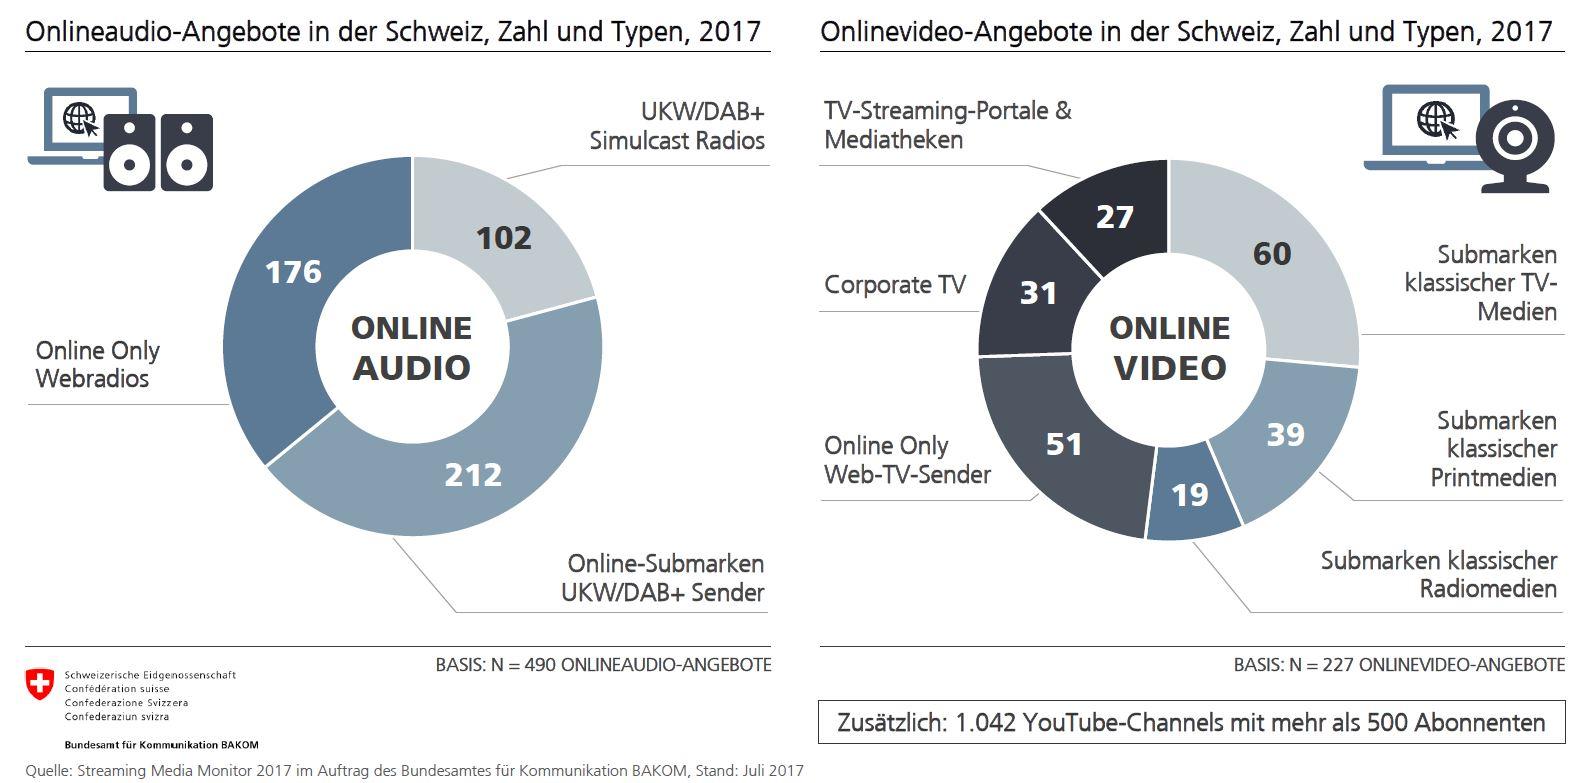 Streaming-Media-Monitor-Schweiz-2017_Grafik_Angebote
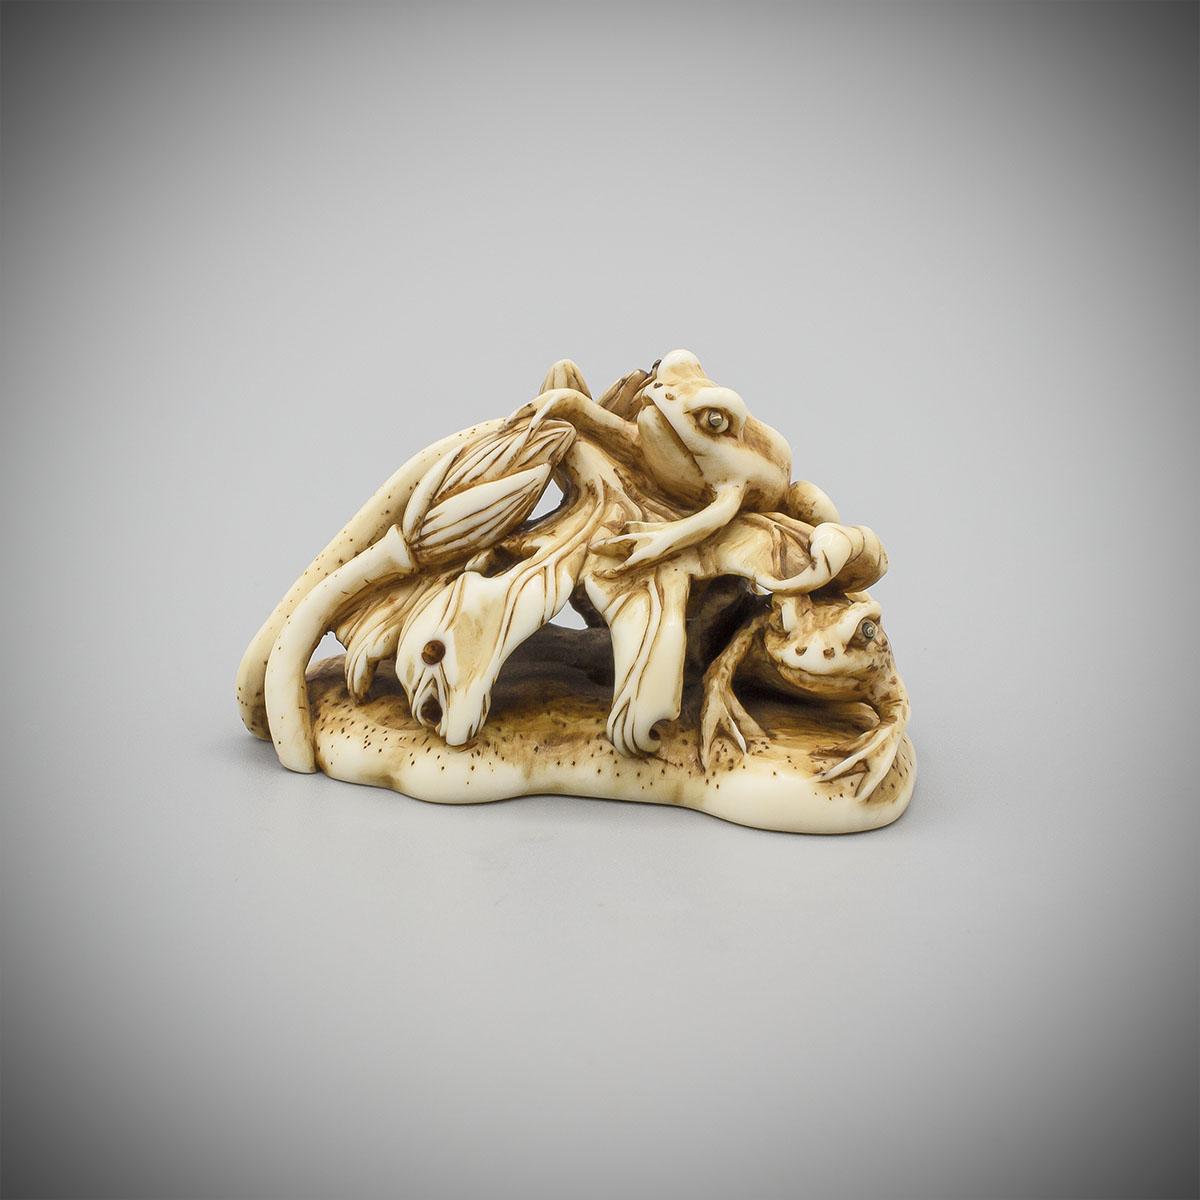 Ivory Netsuke of Two Frogs and Lotus, attributed to Okazaki Rensai, MR3576_v.1-2
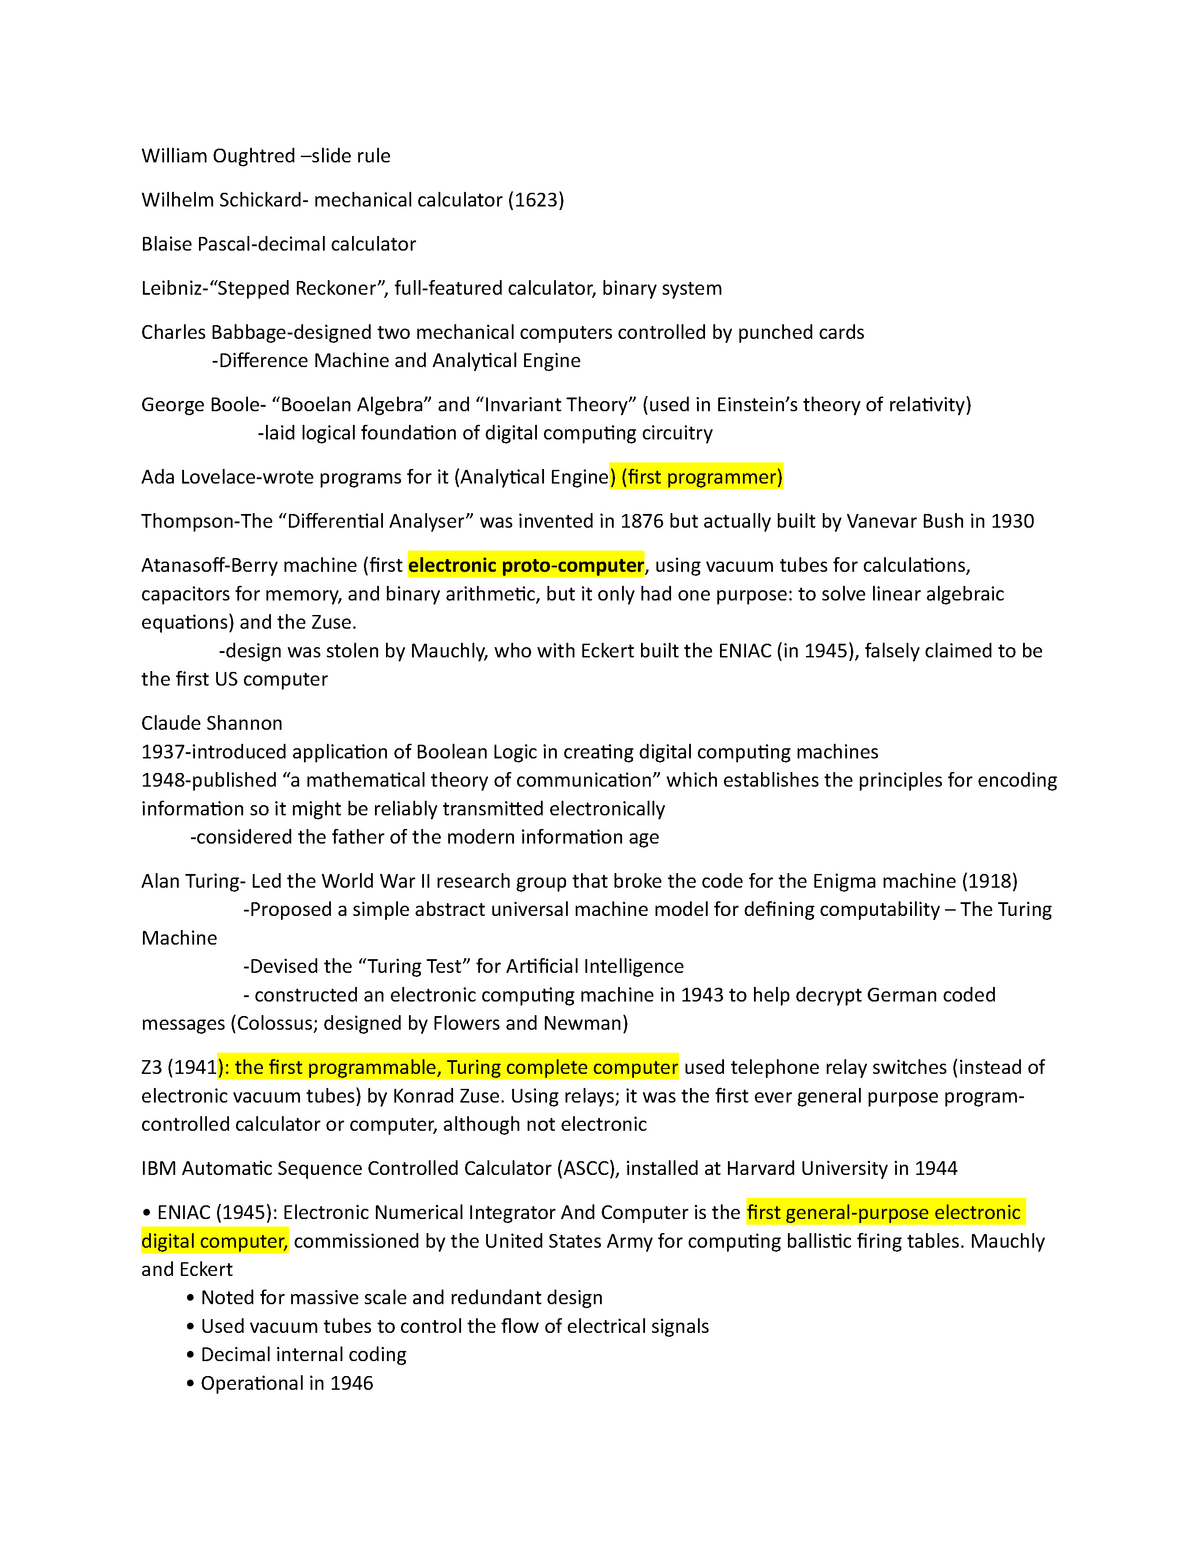 Notes for midterm 1 - EECS1520: Computer science - StuDocu
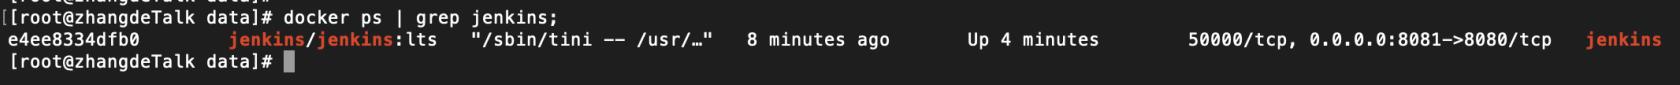 Docker 搭建 Jenkins 实现自动部署

--------

Give back the full listing above word for word, and let no picture through.

• [Reply]:
 Streaming-Media-Monitor-Schweiz-2017_Grafik_Angebote
 Ivory Netsuke of Two Frogs and Lotus, attributed to Okazaki Rensai, MR3576_v.1-2
 Notes for midterm 1 - EECS1520: Computer science - StuDocu
 Docker 搭建 Jenkins 实现自动部署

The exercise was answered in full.